Si l’un de ses interlocuteurs n’avait pas cru bon d’avertir la presse et s’il n’avait été vu sortant de l’hôtel Royal Monceau, l’ex-général des forces aériennes stratégiques soviétiques Djohar Doudaev, qui menace périodiquement d’user de l’arme atomique contre ses ennemis russes, aurait fait à Paris une visite d’une discrétion totale.

Au point que le Quai d’Orsay n’en était pas informé et affirmait mardi 15 juin, au lendemain de son arrivée, que, de toute façon, la France n’aurait pas donner de visa à ce président de la Tchétchénie, certes élu au suffrage universel, mais dans une République sécessionniste du Caucase du Nord qu’aucun Etat n’a reconnue. A commencer par Moscou, pour qui la Tchétchénie, son million d’habitants, ses raffineries et ses célèbres mafias, font toujours partie de la Fédération de Russie. Même s’il s’agit du seul Etat de l’ex-URSS à avoir réussi, à ce jour, à se débarrasser totalement de tous ses soldats russes. Qui sont, il est vrai, massés désormais tout autour. Ce qui, étrangement, n’empêche pas le général-président de faire des voyages à l’étranger (le Monde du 26 octobre 1992), qui l’ont déjà conduit dans divers pays musulmans, mais aussi à Londres, et maintenant à Paris. Il y aurait dîné avec des représentants de MM. Léotard et Pasqua, des industriels et quelqu’un de la DGSE. Un dîner organisé par son ” représentant ” en France, un intermédiaire qui tente d’intéresser les grandes firmes pétrolières, d’armement et de travaux publics aux richesses de la Tchétchénie.

Lesquelles, à en croire son président, ne viendraient pas du trafic d’armes ou de drogue, comme on le pense parfois, mais d’énormes réserves de pétrole _ ” auxquelles les Etats-Unis, et M. Clinton personnellement, sont très intéressés. ” Sur place, on avait pourtant tendance à se plaindre de ce que Moscou ait assèché les derniers gisements tchétchènes… Mais il y a d’autres appâts : les MIG, têtes nucléaires, radars et autres bricoles gardées en Tchétchènie et examinables sur place. Les militaires français auraient en tout cas offert au général quelques essais d’appareils, mercredi, sur leur base de Mirages-2000 à Orange.

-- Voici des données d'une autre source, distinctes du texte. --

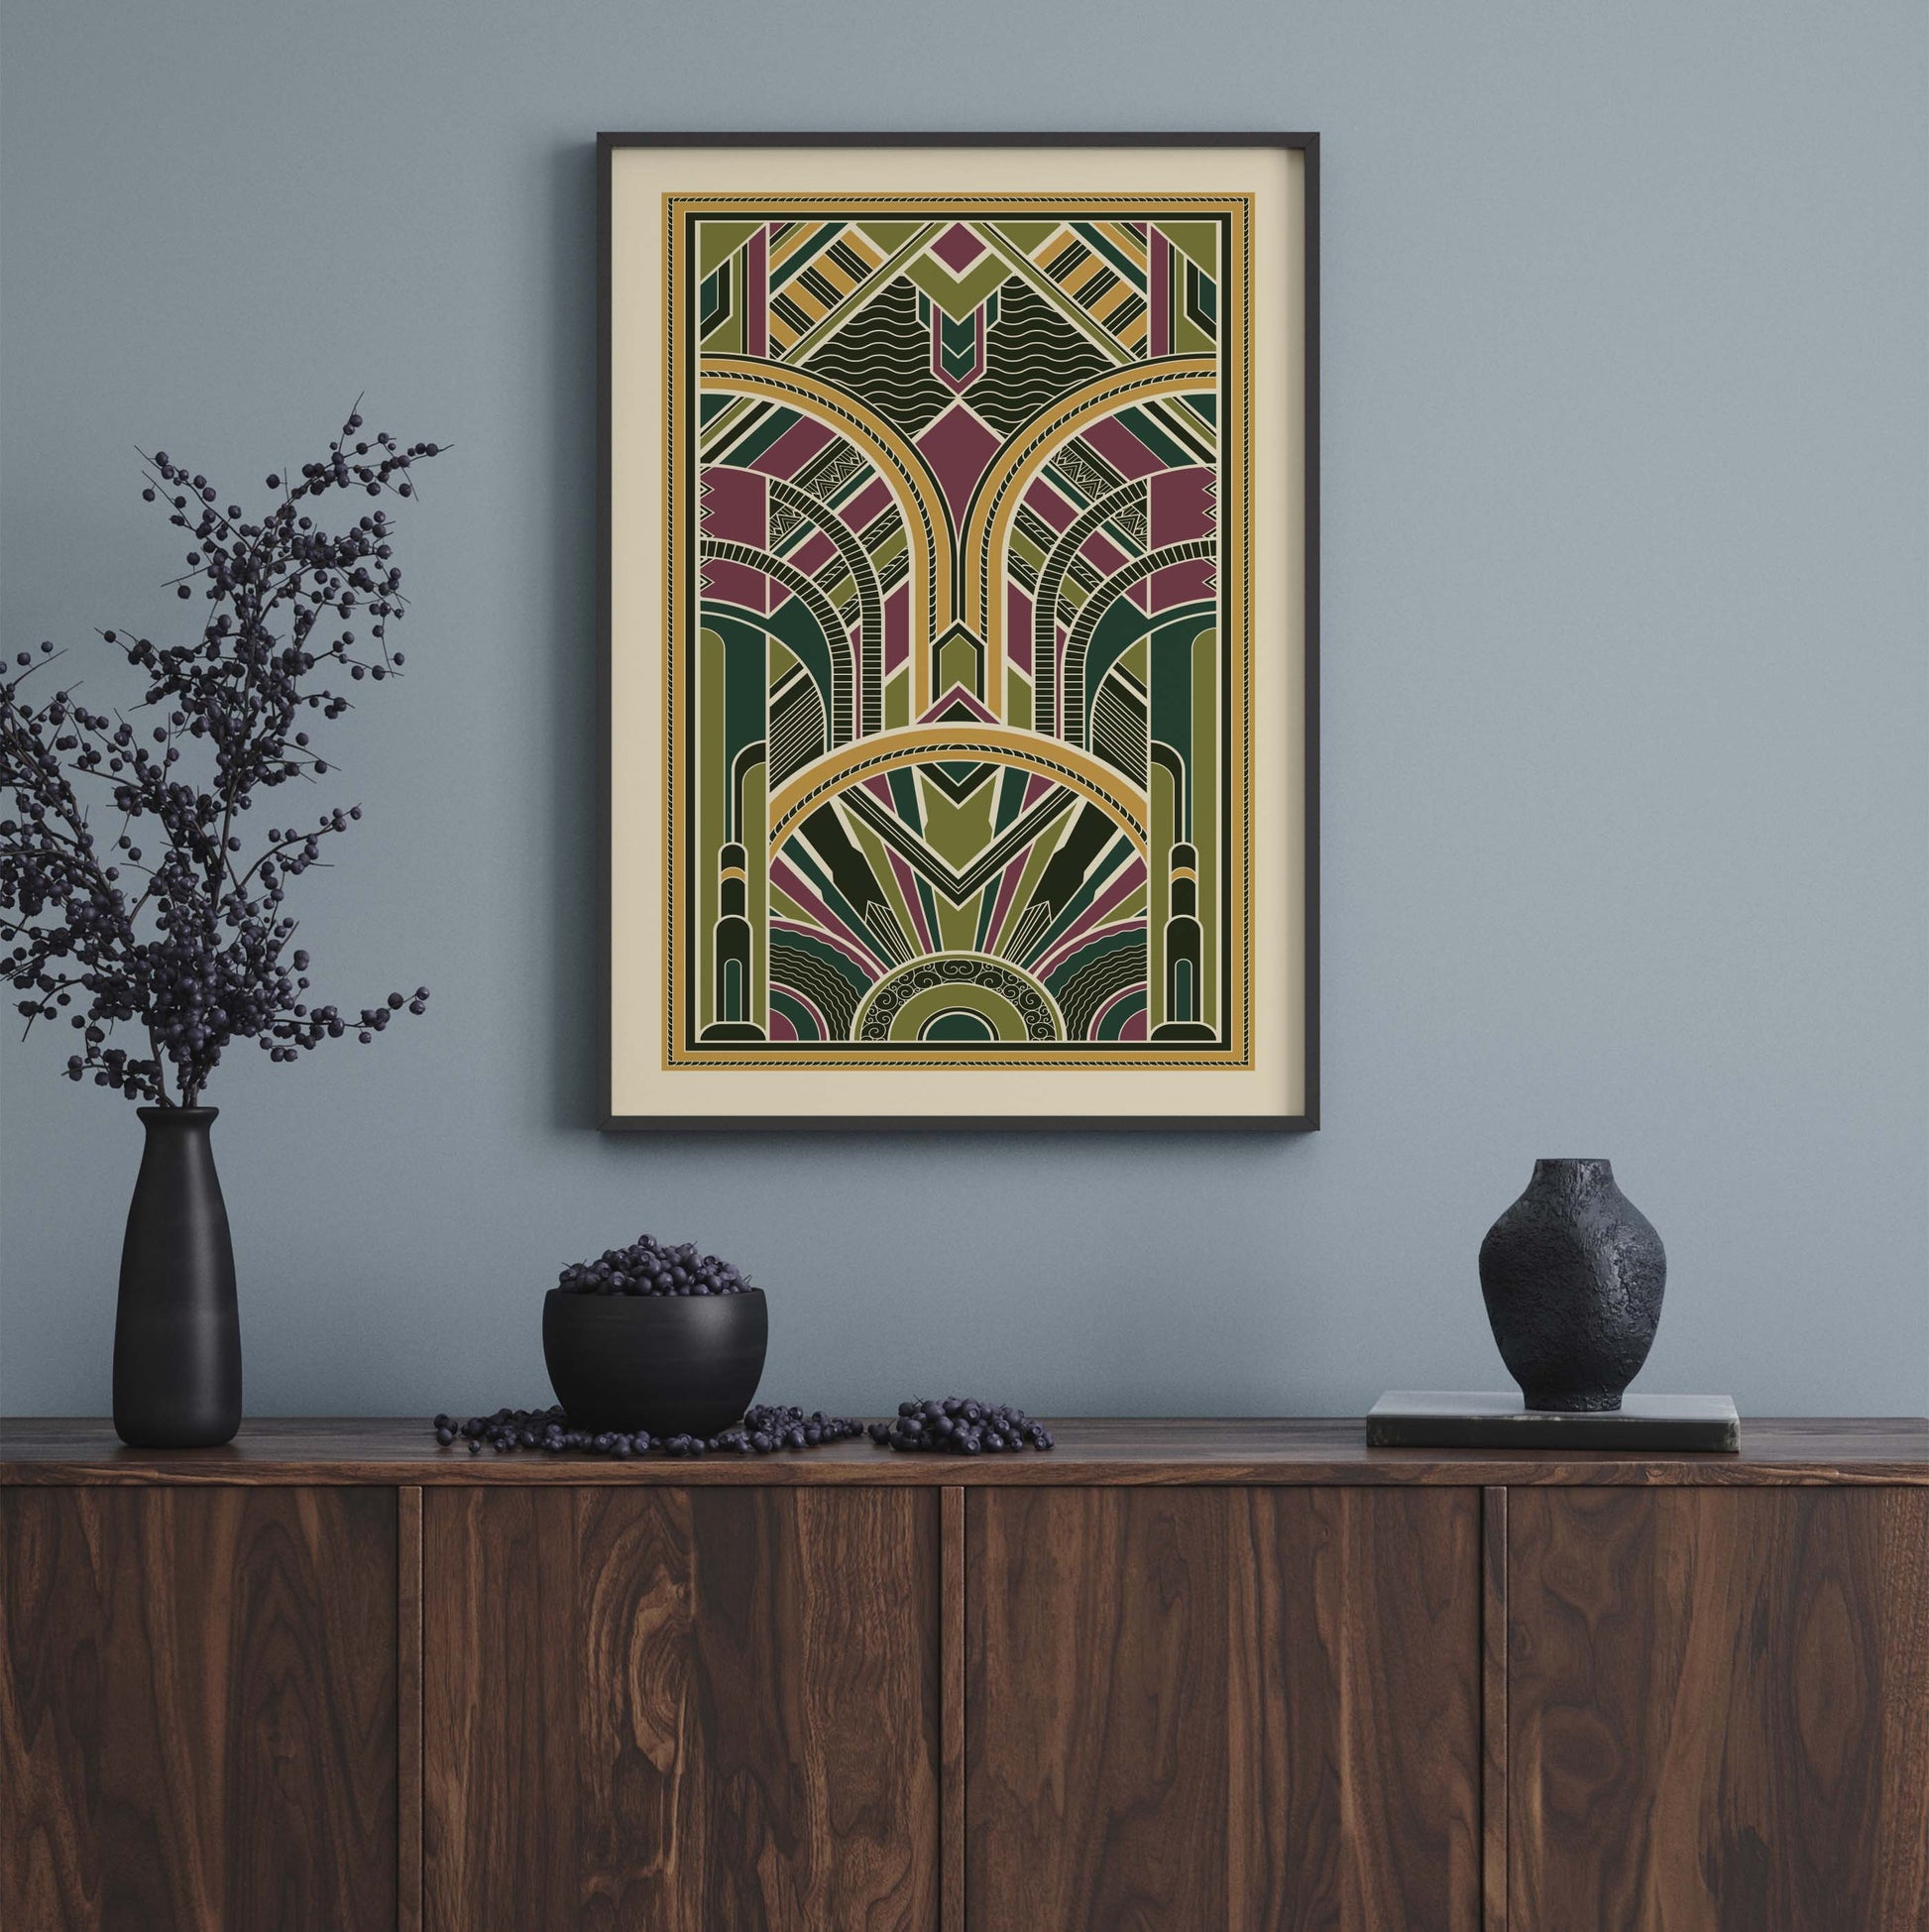 Art Deco print with symmetrical pattern in green

Les responsables français et les industriels interrogés ont tous affirmé n’avoir eu aucun contact ” officiel ” avec le général Doudaev, tout en admettant, pour certains, qu’il se trouvait bien en France _ du 13 au 16 juin, précisait-on à la réception du Royal Monceau et auprès de son ” service de sécurité ” français du cinquième étage. Ce qui est sans doute préférable pour tout le monde, et en tout cas pour l’opposition démocratique tchétchène _ réduite au silence pour avoir trop dénoncé le comportement de ” tontons-macoutes ” de la garde du président Doudaev, dont les chars ont dispersé les restes du Parlement local le 4 mai dernier.